Et voyez la conséquence: au physique et au moral, la femme nous surpasse déjà par la grâce et par le coeur; elle nous égale presque par l'imagination, et aussi et surtout par une souplesse d'imitation qui la porte naturellement à copier, à traduire, à interpréter, à reproduire ce qu'elle voit et ce qu'elle sait. Mettez qu'elle parvienne à démontrer qu'elle nous égale de même en capacité intellectuelle, et il ne restera plus à l'homme qu'une supériorité qui n'est pas la plus enviable: la force. Et encore, les hommes ont-ils tant de motifs de se croire forts et de s'en vanter? Si la généralité des femmes est moins robuste que notre sexe, on voudra bien remarquer que beaucoup s'adonnent consciencieusement aux exercices physiques les plus propres à tremper, à fortifier leur délicatesse. Lors même qu'il leur serait interdit (c'est ma conviction) de nous ravir le privilège de la vigueur musculaire, cette incapacité serait de peu de conséquence en un temps et en une société où les supériorités psychiques l'emportent graduellement sur les supériorités physiques. Aux anciens âges, la force brutale gouvernait le monde, et la femme, corporellement plus faible que l'homme, ne pouvait guère lui disputer la prééminence du muscle. Mais à mesure que la puissance matérielle voit décroître son prestige, et qu'inversement les influences spirituelles conquièrent peu à peu la primauté sociale, il suffit d'établir que la femme nous vaut par l'esprit pour que, se haussant du coup à notre niveau, elle soit admise au partage de notre traditionnelle royauté.
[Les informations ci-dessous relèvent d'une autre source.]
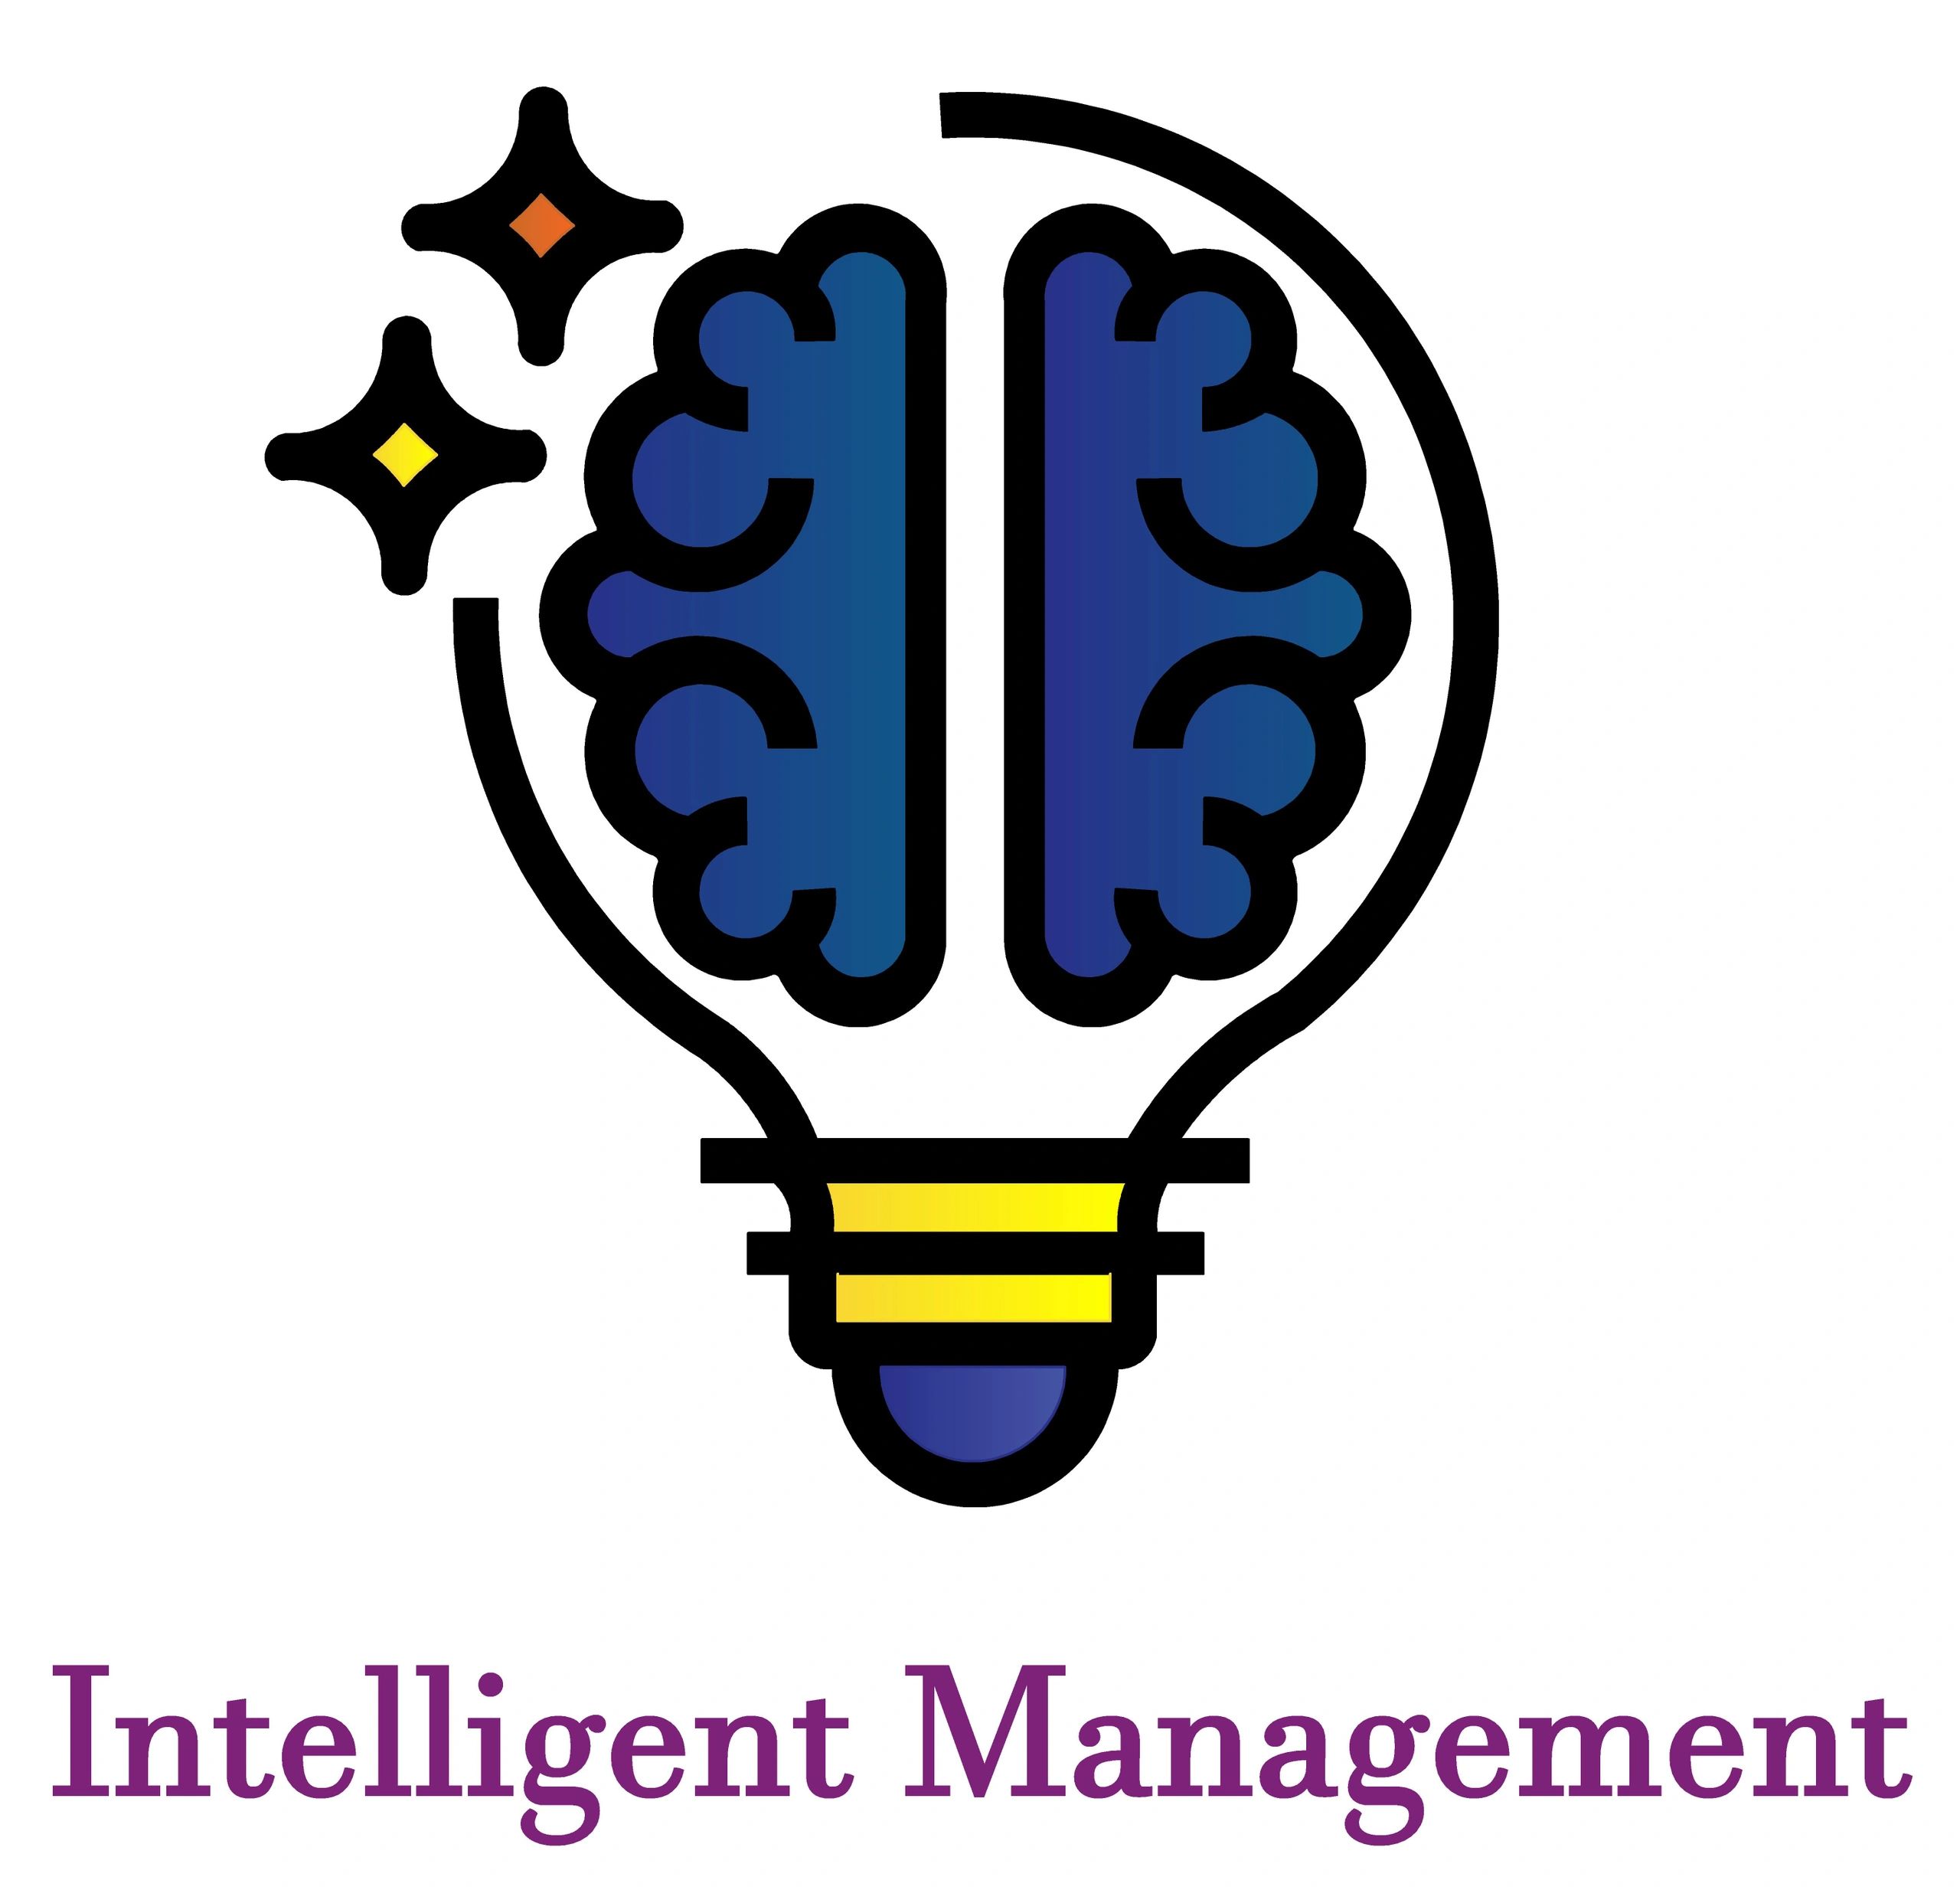 (c) Intelligent-management.com

Cela étant, rien de plus serré que l'argumentation féministe, rien de plus habile que son programme. Une fois prouvé que les femmes possèdent des qualités morales et intellectuelles qui balancent les nôtres, elles deviennent recevables à se prévaloir d'une même utilité sociale que nous; et dès l'instant que cette double équivalence est démontrée, elles sont fondées, en justice et en raison, à revendiquer toutes nos prérogatives civiles et politiques. L'égalité des sexes conduit logiquement à l'égalité des droits. Est-ce clair?
Si donc nous ne parvenons pas à démontrer notre supériorité intellectuelle, sur quoi fonderons-nous notre supériorité sociale? Sur la raison du plus fort? Ce n'est pas suffisant, la force ne prouvant rien que la force. Voilà pourquoi le féminisme se flatte d'unifier et d'égaliser les têtes masculines et féminines en les coiffant d'un même bonnet--et d'un bonnet de docteur, bien entendu. La culture intellectuelle de la femme est l'article premier des revendications féminines et la condition de toutes les autres, l'égalité scolaire devant conduire à l'égalité juridique, à l'égalité économique, à l'égalité politique. Cela est une nouveauté.